WHAT IS EXPECTED ▸ Return the data below unchanged. Drop any pictures.

GIVEN DATA ▸
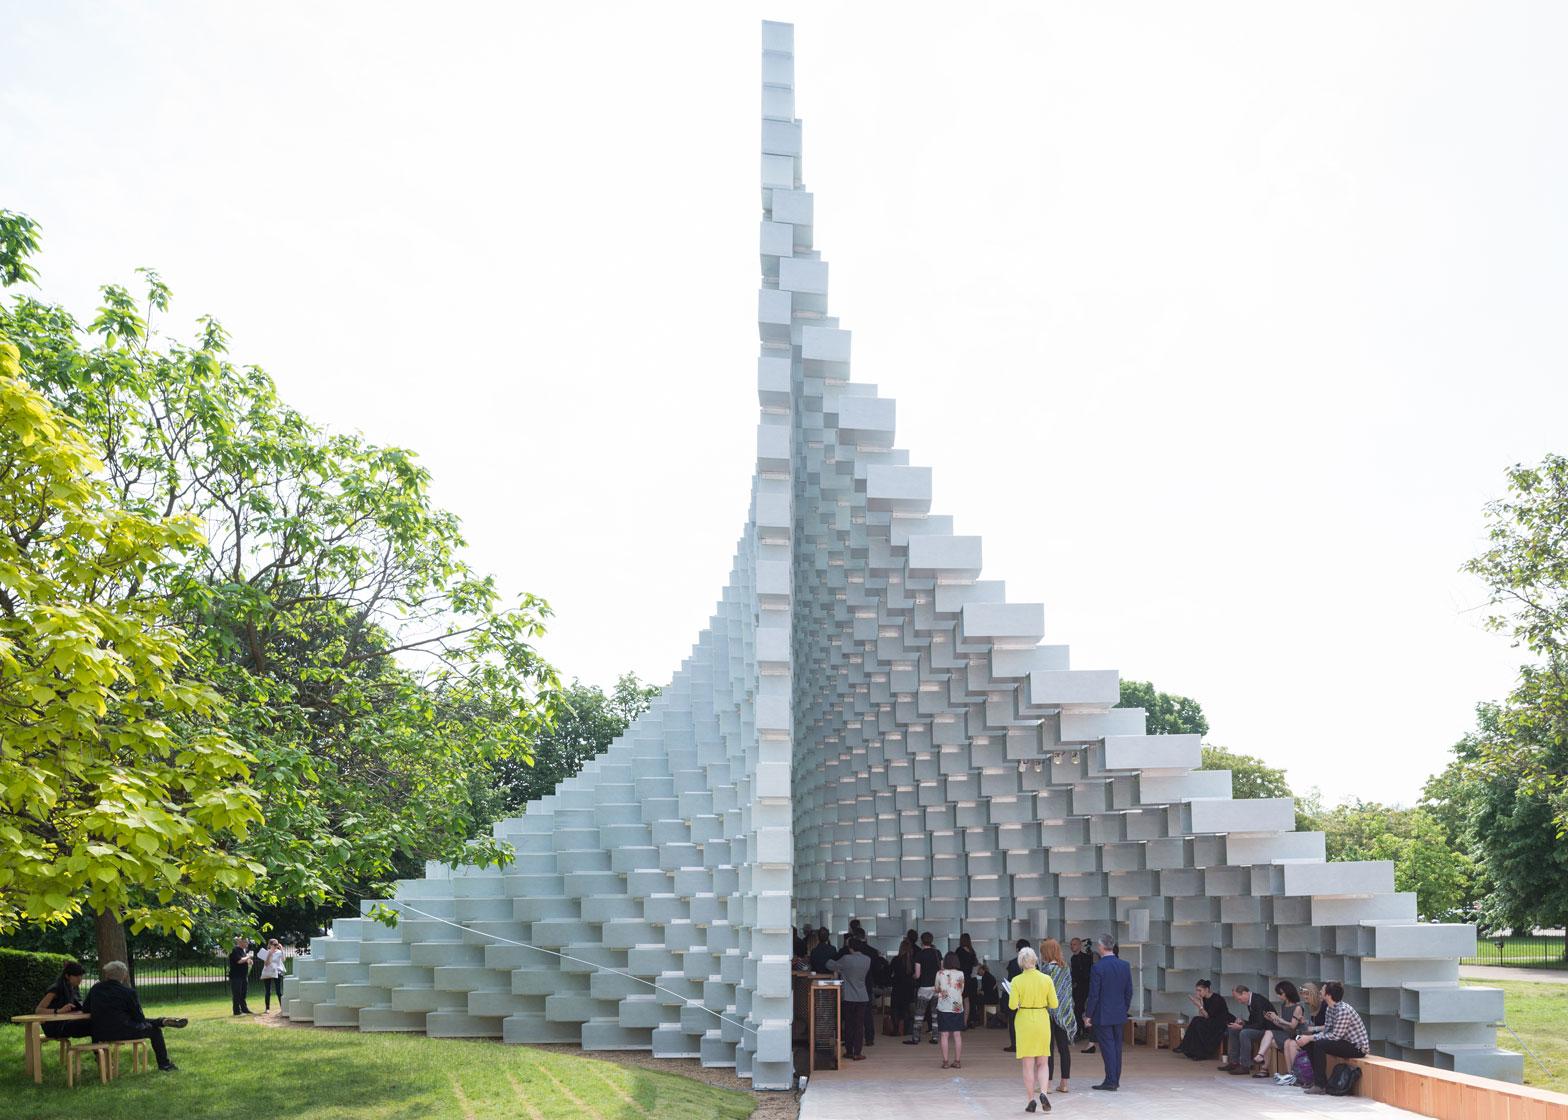 Serpentine Gallery Pavilion 2016 by Bjarke Ingels
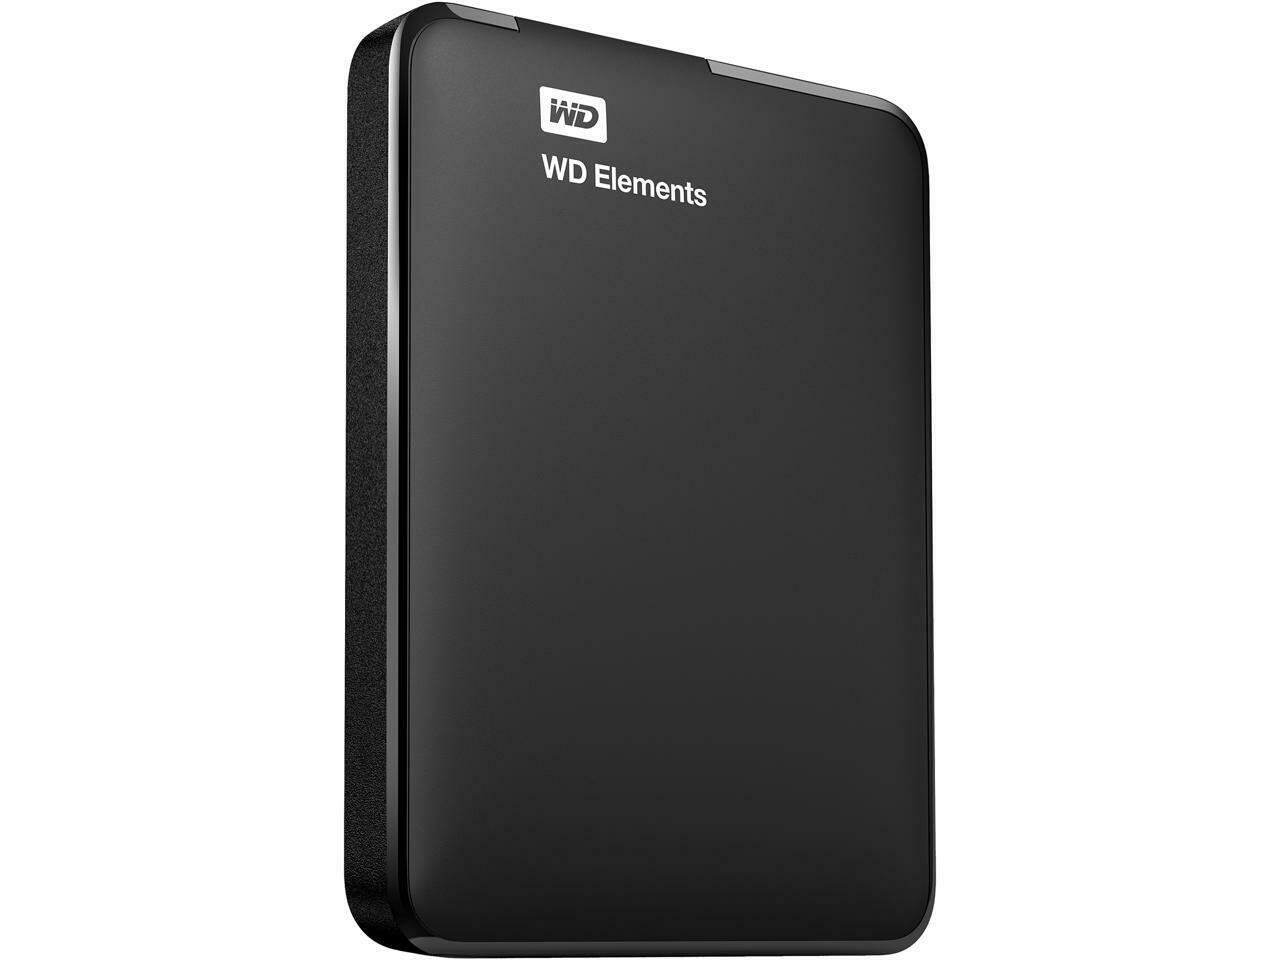 WD Elements 1TB Portable External Hard Drive - Black
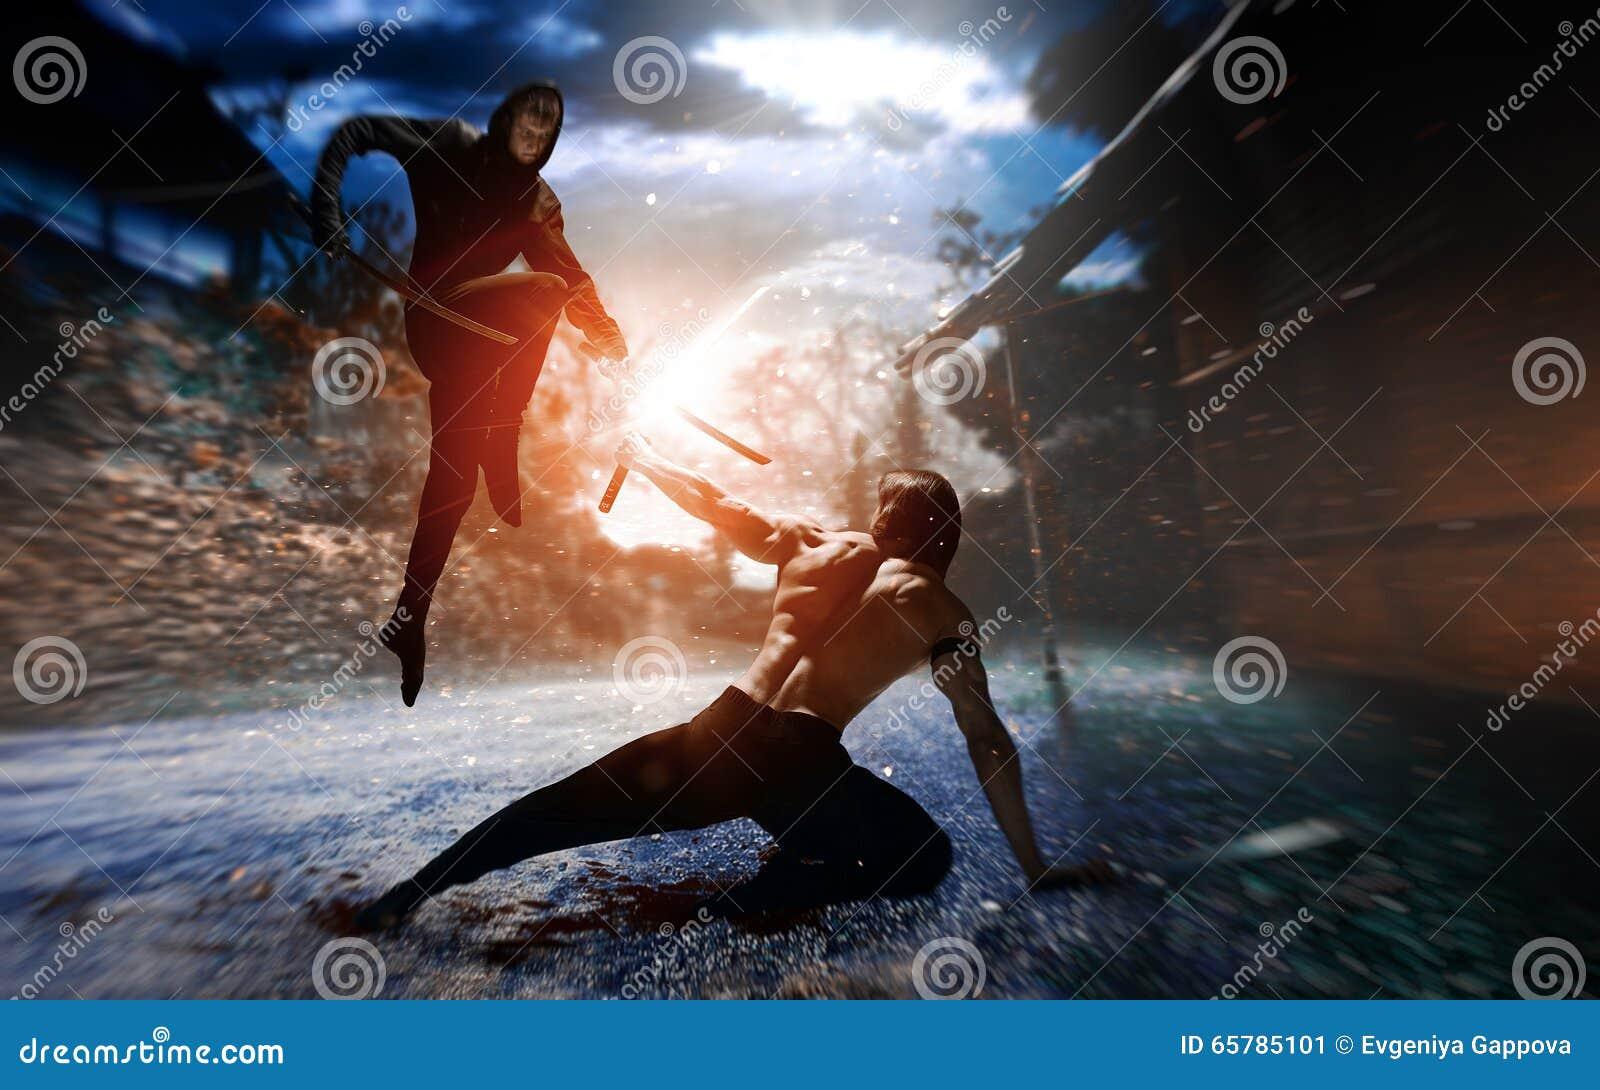 Fighter ninja with sword

OUTPUT ▸
 Serpentine Gallery Pavilion 2016 by Bjarke Ingels
 WD Elements 1TB Portable External Hard Drive - Black
 Fighter ninja with sword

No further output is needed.